El líder cubano que se presentó en Caracas lo hizo sabiendo muy bien que iba a seducir, a apaciguar, a comprar respetabilidad de la mano del presidente venezolano. Castro tuvo palabras comedidas, alentadoras sobre lo que cabía esperar de la Administración Bush, deseos de concordia casi universales. Rodeado de una claque espontánea, que no se trataba ya de su propia comitiva de periodistas, sino de prensa local, y de los vecinos países latinoamericanos, Fidel Castro celebró una rueda de prensa en la que la nota lamentable la ponían los del patio de butacas aplaudiendo sus intervenciones, coreando su nombre, mientras una tras otra las preguntas complacientes, cribados los nombres de quienes las formulaban, se sucedían para su lucimiento. Pero lucimiento sí lo hubo, en muchos casos apayasado, de un actor que conoce bien a su auditorio, que hace los mutis y marca las pausas en el instante adecuado, que desempolva viejos chistes, y estrena nuevas ocurrencias en cascada, chapoteando como en un festín en su propia gloria del momento.

Volver a la OEA

En la rueda, Castro no dijo realmente que fuera a retirarse en vida, como se ha difundido de manera demasiado literal, sino que si se moría en el cargo era evidente que no habría tenido tiempo de retirarse; pero afirmó sobre todo que Cuba estaba dispuesta a reintegrarse, en las circunstancias apropiadas, en la Organización de Estados Americanos, aunque Carlos Andrés Pérez jamás dijo que pensara, al menos por ahora, trabajar por esa invitación.

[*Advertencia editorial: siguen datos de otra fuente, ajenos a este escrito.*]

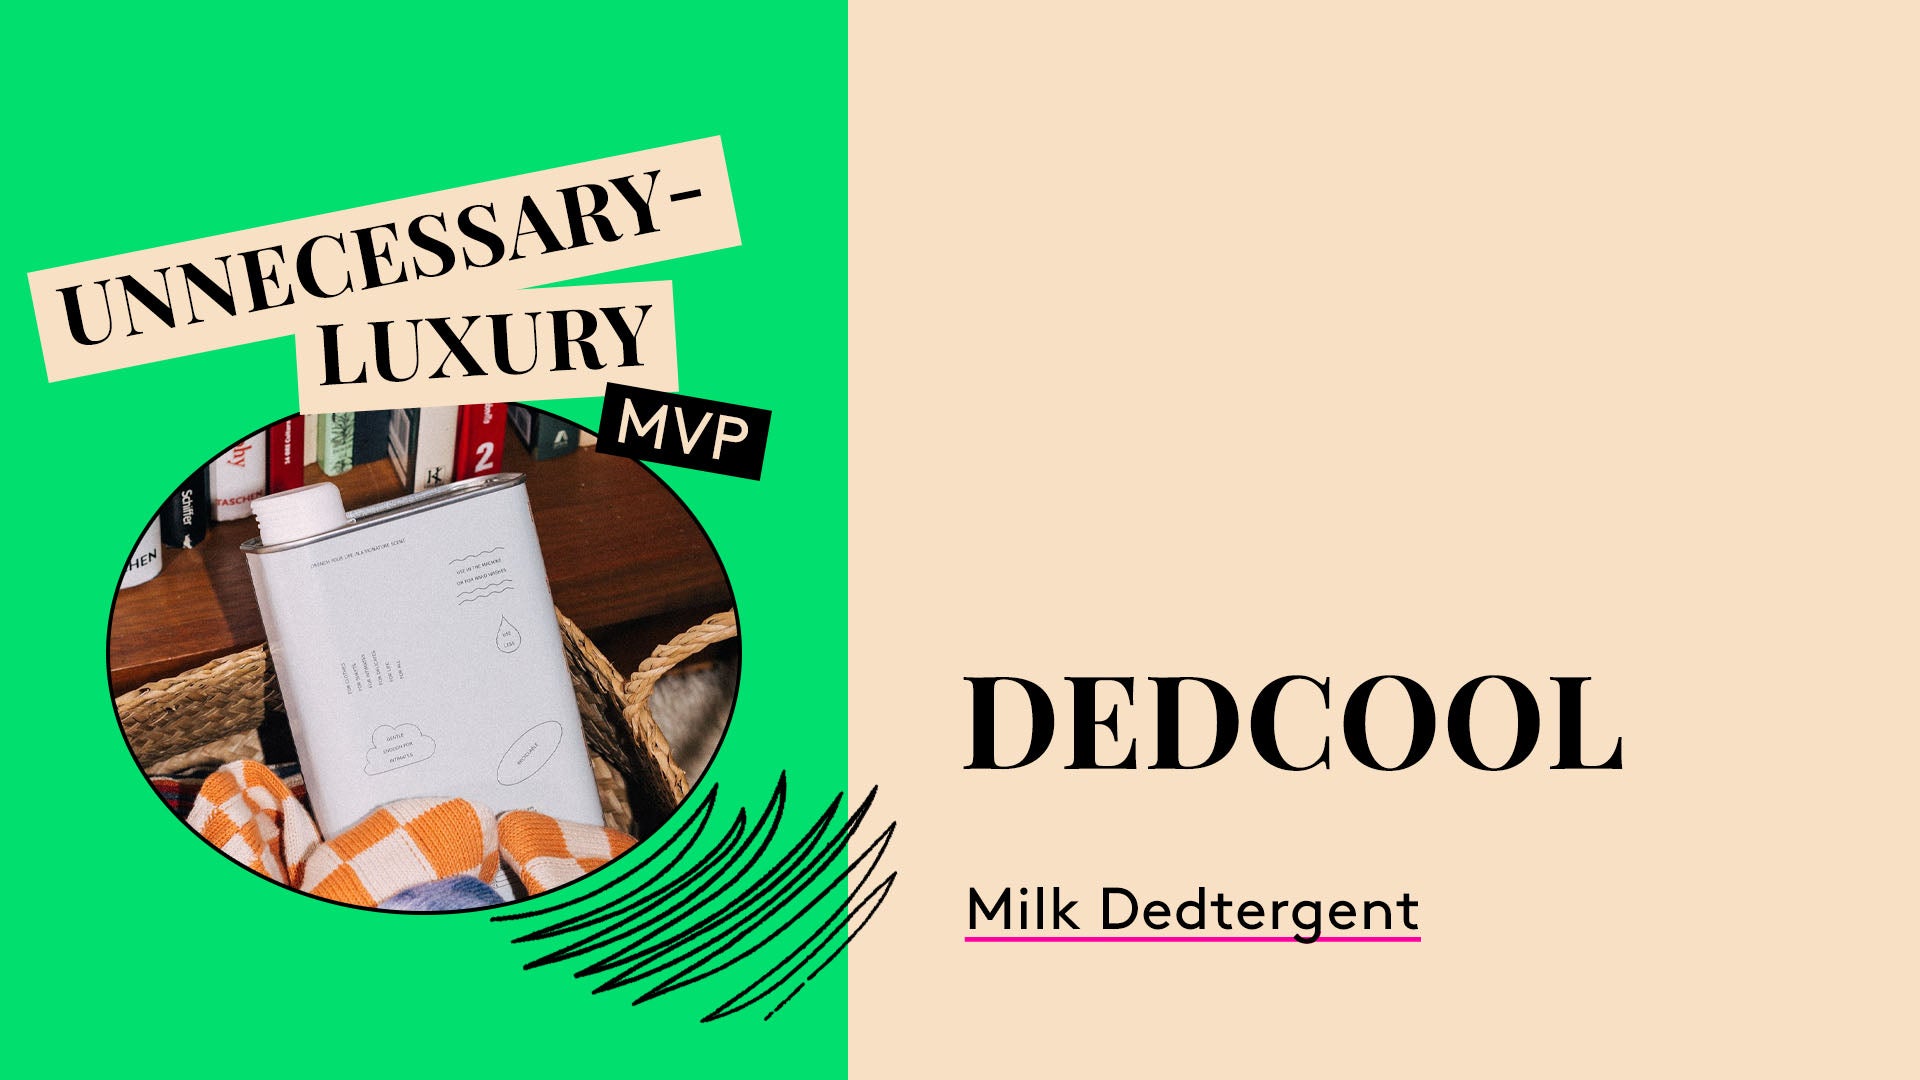 Unnecessary-Luxury MVP. DedCool Milk Dedtergent.

Un Castro vigoroso, pero de 60 años, parece dispuesto a jugar el juego del presidente venezolano, haciendo valer una influencia que limite sus posiciones en Nicaragua y el Salvador, pero a cambio de que cese el estado de sitio, y de que Cuba entre a participar en la ceremonia general de la distensión entre el Este y el Oeste. Al mismo tiempo, el comandante de La Habana tiene un papel que jugar en esa reconstrucción de nuevos centros de poder latinoamericanos. Castro convertido en un cierto icono, el dinosaurio desdentado que vomita fuego en technicolor es necesario, mientras los que se consideran verdaderos líderes, Carlos Andrés el primero de ellos, quieren negociar un new deal para el continente. Es como si el torrencial socialdemócrata venezolano hubiera decidido que la América Latina necesitase un nuevo Bolívar del siglo XX, y ese personaje sólo pudiera serlo él mismo.